Haemoglobinopathies are the commonest single gene disorders in the world, which result in anaemia due to premature destruction of red cells. Defective globin chain renders the cells vulnerable to oxidative damage. Such anaemic state can only be corrected by regular transfusion of blood. The only way to reduce the transfusional load, is through salvaging such defective red cells from free radical induced oxidative damage. In this research we will find the inducer which will shield the dyserythropoiesis and increase red cell survival, hence bring down the transfusional load of individuals suffering from thalassaemias and haemoglobinopathies.

Background:

Thalassemia syndromes, constitute the most common inherited single gene disorder, worldwide. It is due to autosomal mutations in the gene encoding Beta-globin or Alfa globin, which induce an absence or low-level synthesis of that protein in erythropoietic cells [3]. The consequence of these mutations is an imbalance of Alfa / Beta-globin chain synthesis, mostly evident in the homozygous forms, leading to the accumulation of free Alfa-globin or non-Alfa chains forming highly toxic aggregates [4]. Thalassemic patients suffer from anemia resulting from shortened red blood cell (RBC) survival, due to hemolysis, and erythroid precursors premature death in bone marrow (ineffective erythropoiesis), as a result of the toxic aggregates, destabilization of the Red Cell Membrane, by inducting free radicals.

So, the basic pathology of thalassaemia, leading to haemolysis, is accumulation of unpaired chain aggregates, Alfa chains in case of Beta Thalassaemias. It was never believed by clinicians that the ineffective erythropoiesis and dys-erythropoiesis, which lead to erythroptosis of late stage red cell precursors, hence anaemia could be controlled by any means other than post erythron ablation – stem cell transplantation or gene therapy. Luspaercept or Sotatercept, opened a new era of therapy for thalassaemias and haemoglobinopathies. It was identified that the breakdown of the defective red cells occurs through the transforming growth factor ?, which regulate the positive Smad2/3 signalling on growth differentiation factor 11 (GDF-11), this induces apoptosis of the late erythroid progenitors. RAP-011(Sotatercept) and RAP-536 (Luspatercept) are proteins, which include a extracellular part of ActRIIB linked to the Fc portion of IgG1, which makes it as decoy receptor for GDF-11, thus blocking ActRIIB, blocking the conversion R-SMAD to R-SMAD P to SMAD 4, thereby reducing the apoptosis of the apoptosis of the immature erythroblasts. The erythroptosis, which has been controlled, leads to less ineffective erythropoiesis, increasing the Red Cell life span and rendering less transfusion dependence to the transfusion dependent thalassaemics [1, 2, ].
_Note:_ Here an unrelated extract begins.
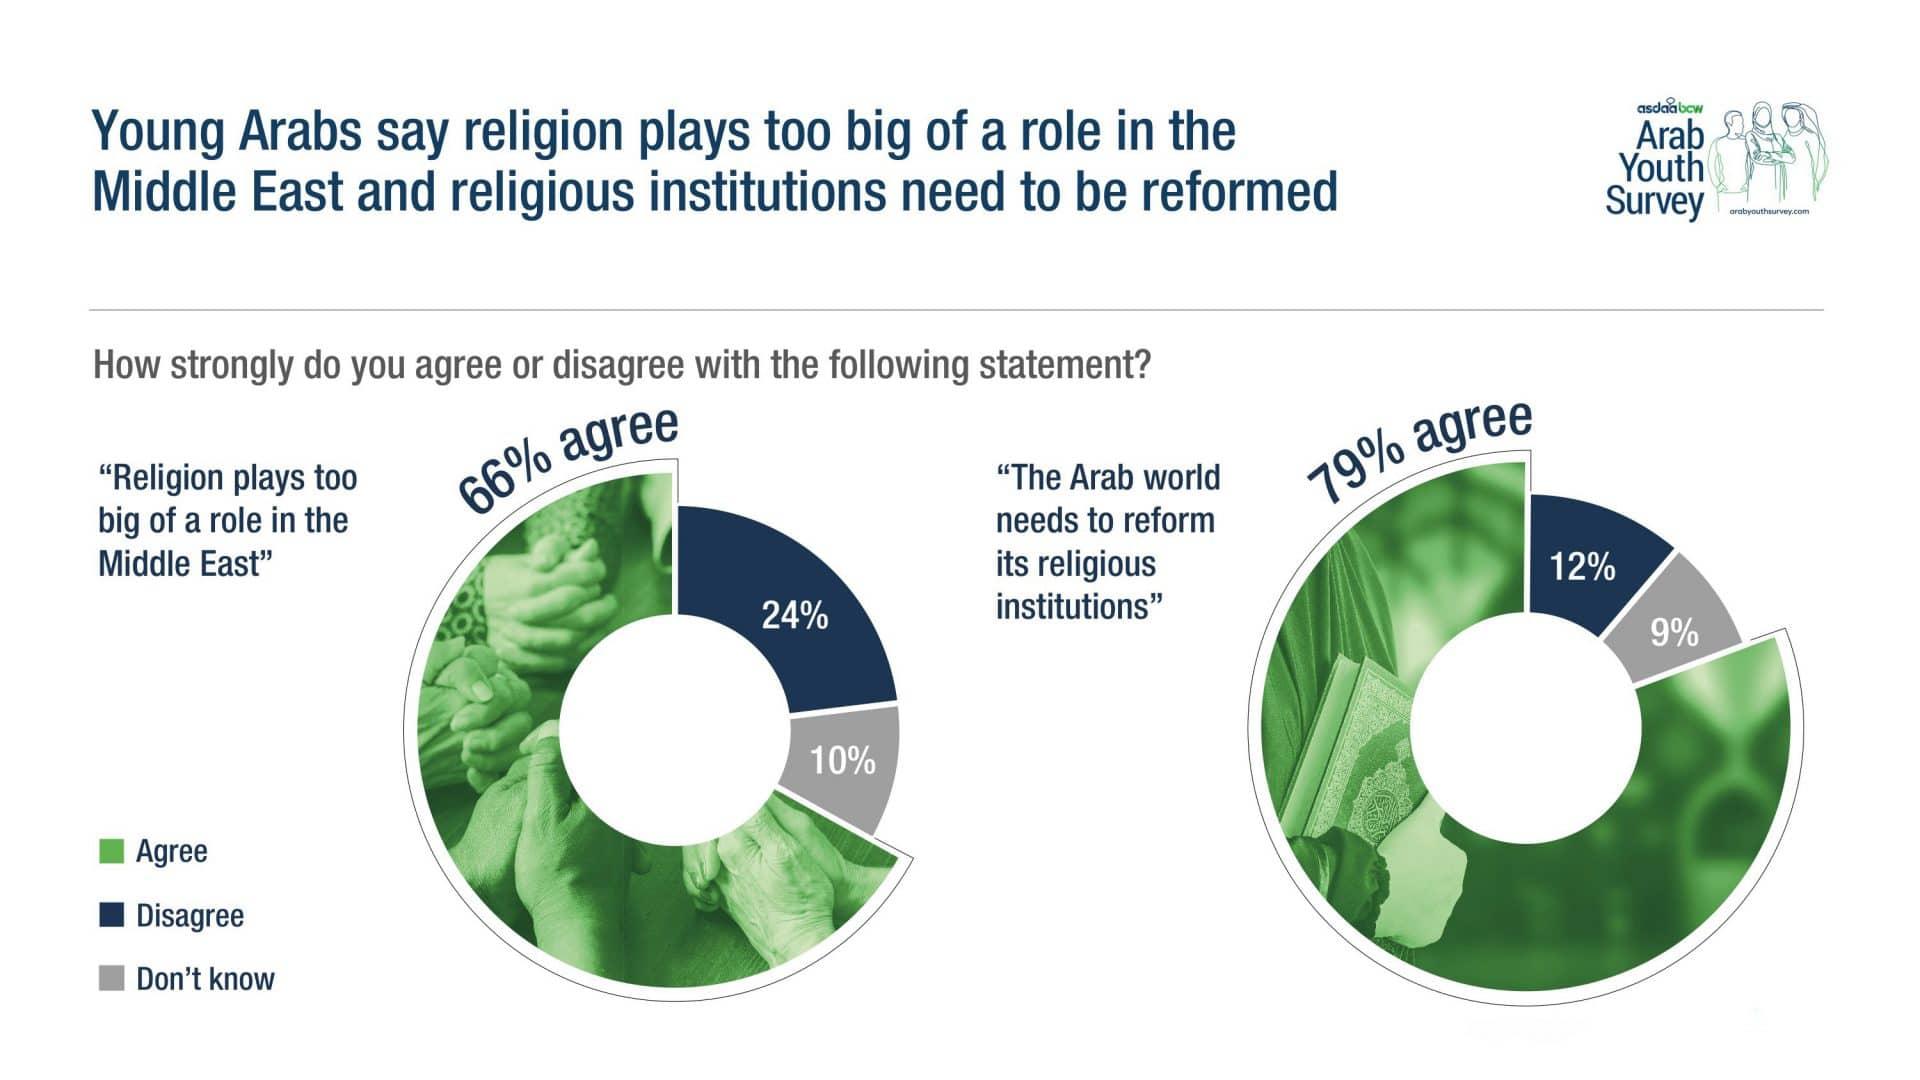 A Survey of Arab Youth highlights Gaps between Policies and Aspirations, A Survey of Arab Youth highlights Gaps between Policies and Aspirations

These medicines are undergoing clinical trials, but are very expensive and requires parenteral route of administration. These compounds also are unable to control the explosive erythropoiesis in the early and intermediate phase of maturation of the erythrocytes, thus being unable to control the extramedullary haematopoiesis, one of the very debilitating complications of such types of haemolytic anaemias.

Depending on this background, we began searching for another pathway, which is equally affects the apoptosis of the immature red cells in the late stage of differentiation and maturation.

Review of literature:

Normal adult haemoglobin is assembled with a pair of Alfa and Beta (Non-Alfa) Globin, whose synthesis is very tightly controlled. Rate of synthesis of alfa chain is slightly higher than beta chains. Alfa chains have been synthesized in excess of Non-alfa chains from 1.0 to 2.0 till about reticulocyte stage, with an average of 0.65 [3]. Under physiological conditions, this excess Alfa chain is stabilized by Alfa Haemoglobin Stabilizing Protein (AHSP), which forms a stable hemichrome, out of oxidized Alfa haemoglobin, playing a vital role in prevention of premature red cell destruction in the maturation stage [4]. So, in normal erythropoiesis, not only there exists excess alfa chains, there also exists a mechanism of neutralising the oxidative damage and cellular destruction potential.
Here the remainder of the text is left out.